Communicate and inspire action.

In addition to its grant-making resources, a foundation’s reputation and voice are critical assets that can be deployed in important ways. Through strategic communications, foundations can elevate the importance of climate action, spotlight effective and promising approaches, call attention to key issues that need attention, or advance inspiring visions to rally action.

One example is what the Bullitt Foundation has done with its “Emerald Corridor” initiative, casting a vision for Seattle, Portland, and Vancouver to become “leapfrog cities … raising the bar for the planet by demonstrating what is possible.”

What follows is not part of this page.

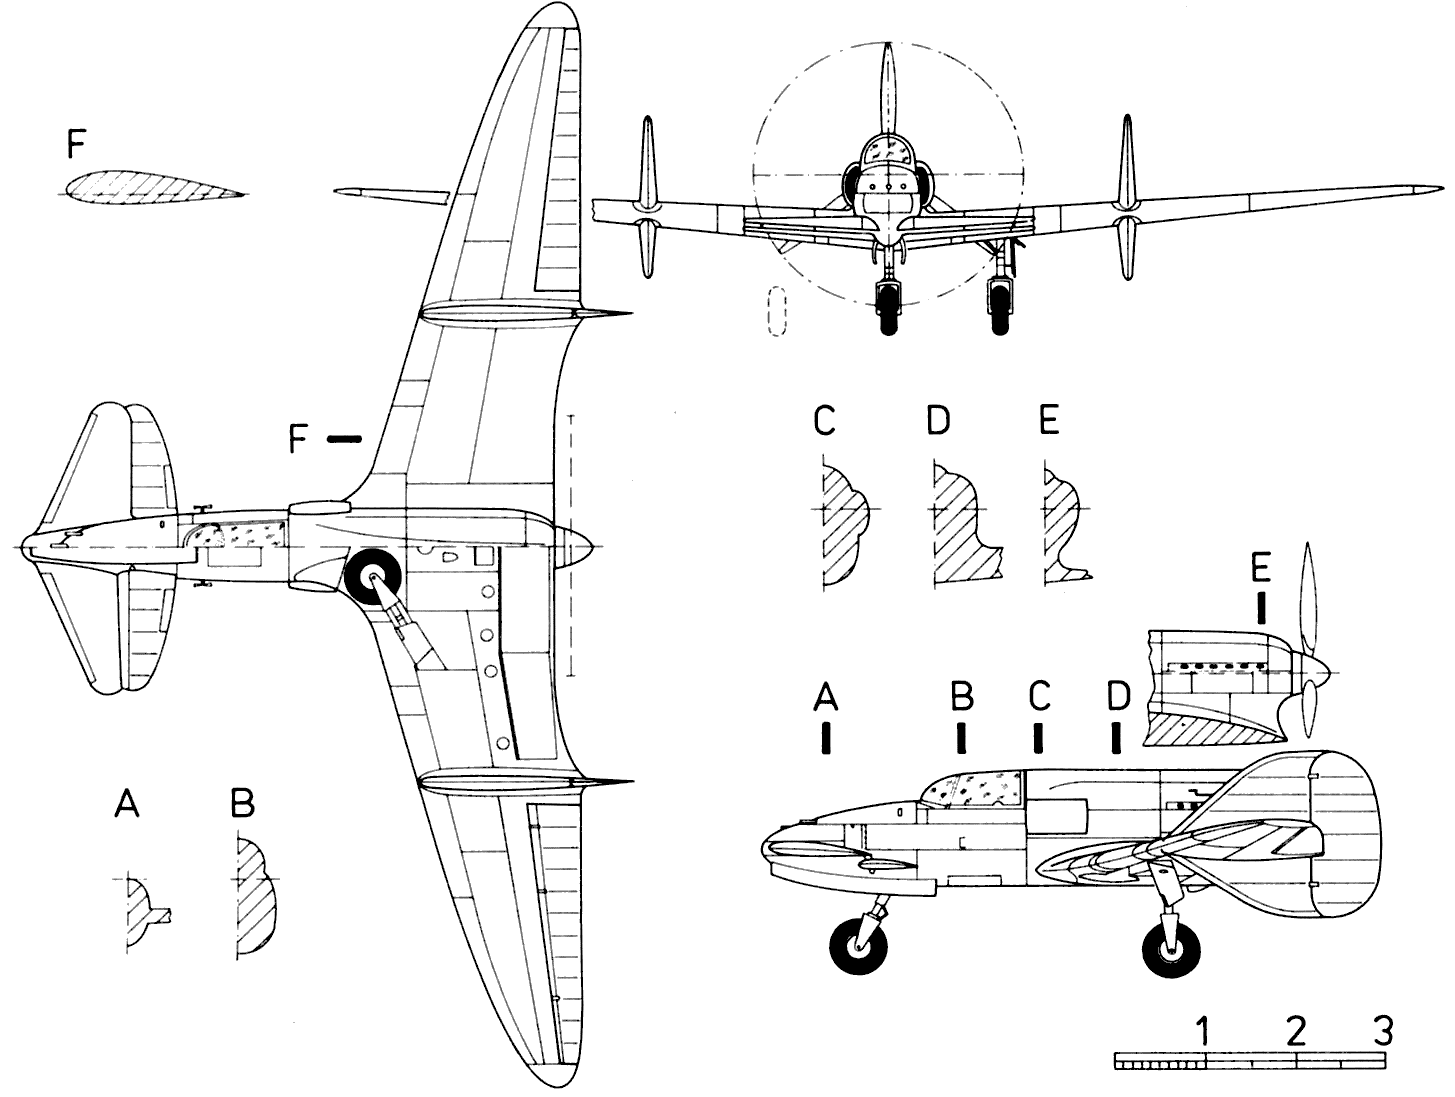 Ambrosini SS.4 blueprint

To inform thoughtful dialogue and encourage everyone to make decisions based on data, foundations can also sponsor polling and objective research — as Barr did in 2015 with a grant for an independent analysis of the future energy needs of Massachusetts and the cost and effect on climate of various strategies for reliably meeting demand over time.

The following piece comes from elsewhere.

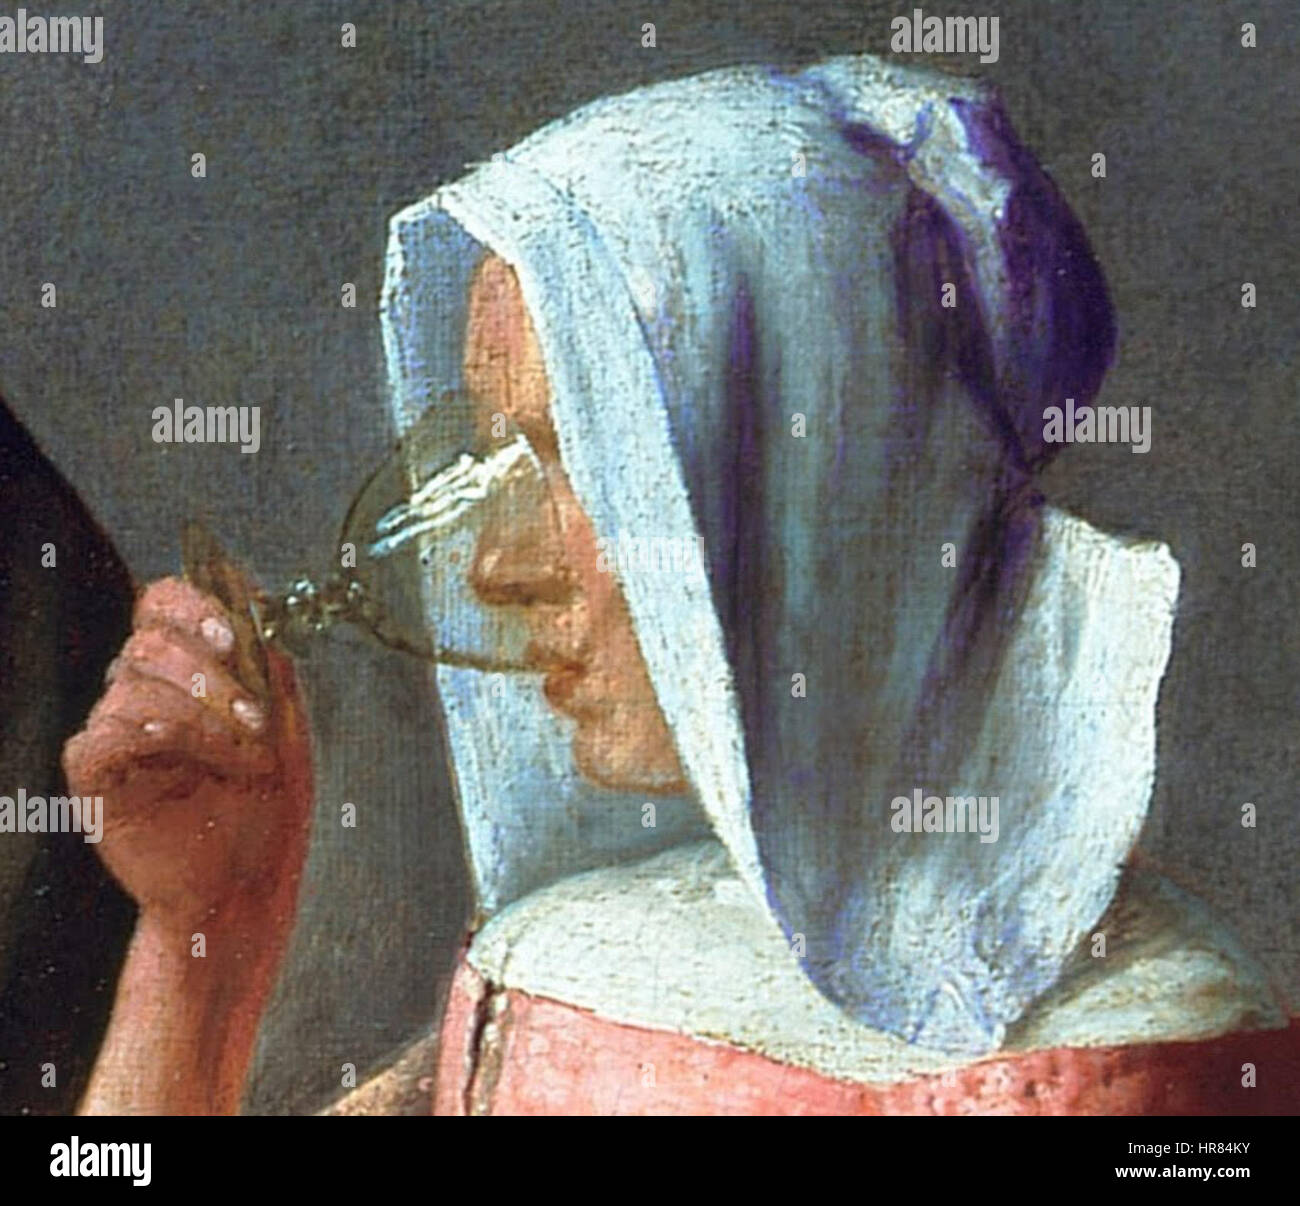 Vermeer Le verre de vin dettaglio de la femme buvant Foto Stock

Because of a grant from ­McKnight, Minnesota Public Radio is one of the few major media outlets in the country with a reporter dedicated full time to climate coverage. The station brings careful reporting on local effects and potential solutions to a broad, engaged audience and ensures the issue is front and center in public conversations.

Make solutions tangible.

Local and regional foundations can also play an important role in helping make solutions concrete. With the passage of critical legislation in 2013, Minnesota is on the vanguard of using community solar gardens, in which electricity users purchase shares in large solar arrays.

For 15 years, a local organization, the Rural Renewable Energy Alliance, has pioneered the use of solar energy to address the needs of low-income people in rural communities throughout Minnesota who lack sufficient fuel. With support from McKnight, the alliance is testing a new approach in which families on the federal energy-assistance program can get their power from solar instead of fossil fuels.

Another concept philanthropy is helping make more tangible is Bus Rapid Transit. Intrigued by its effectiveness in other countries, and its potential to reduce emissions and better link communities to economic opportunities, the Rockefeller Foundation developed a strategy to support Bus Rapid Transit explorations in cities across the United States.

Their funding jump-started the conversation. Then local grant makers — including Barr — stepped up, in partnership with Rockefeller, to advance it in Boston, Nashville, Pittsburgh, and Montgomery County, Md.

Foundations can also inject timely capacity into municipal governments to take on visionary work and to attract additional resources. While federal action is limited, local governments have repeatedly shown that they have the will to act and that they have tools that can help reduce the dangerous emissions that warm the planet.

Local governments can be a proving ground for efforts that can be copied at a state level, and local projects often help to educate, organize, and galvanize stakeholders to push for changes on a larger scale.

Both Barr and McKnight have experience supporting local work through direct support to municipal governments. Barr made a challenge grant to the City of Boston to pay part of the salary for someone in a new role to focus exclusively on community energy solutions. This modest investment ultimately attracted a wide range of additional resources that will drive progress on clean energy. Similarly, ­McKnight collaborated with the Energy Foundation to support efforts in Minneapolis to drive energy-efficiency improvements in large commercial buildings as part of the city’s innovative energy-transparency ordinance.

Some challenges are so immense that nobody wants to take them on. Climate change may seem to be one of those, considering its scale, the vast range of solutions needed, and the political obstacles we witness at the national level. Indeed, federal gridlock underscores the potential and value of local and regional action — action that sparks progress, progress that points to success, and success that breeds more success.

If local philanthropy can get this momentum building in all the places we care about, and where our engagement matters, we may well contribute to a new narrative — that meeting the challenge of climate change, while ambitious, is absolutely possible.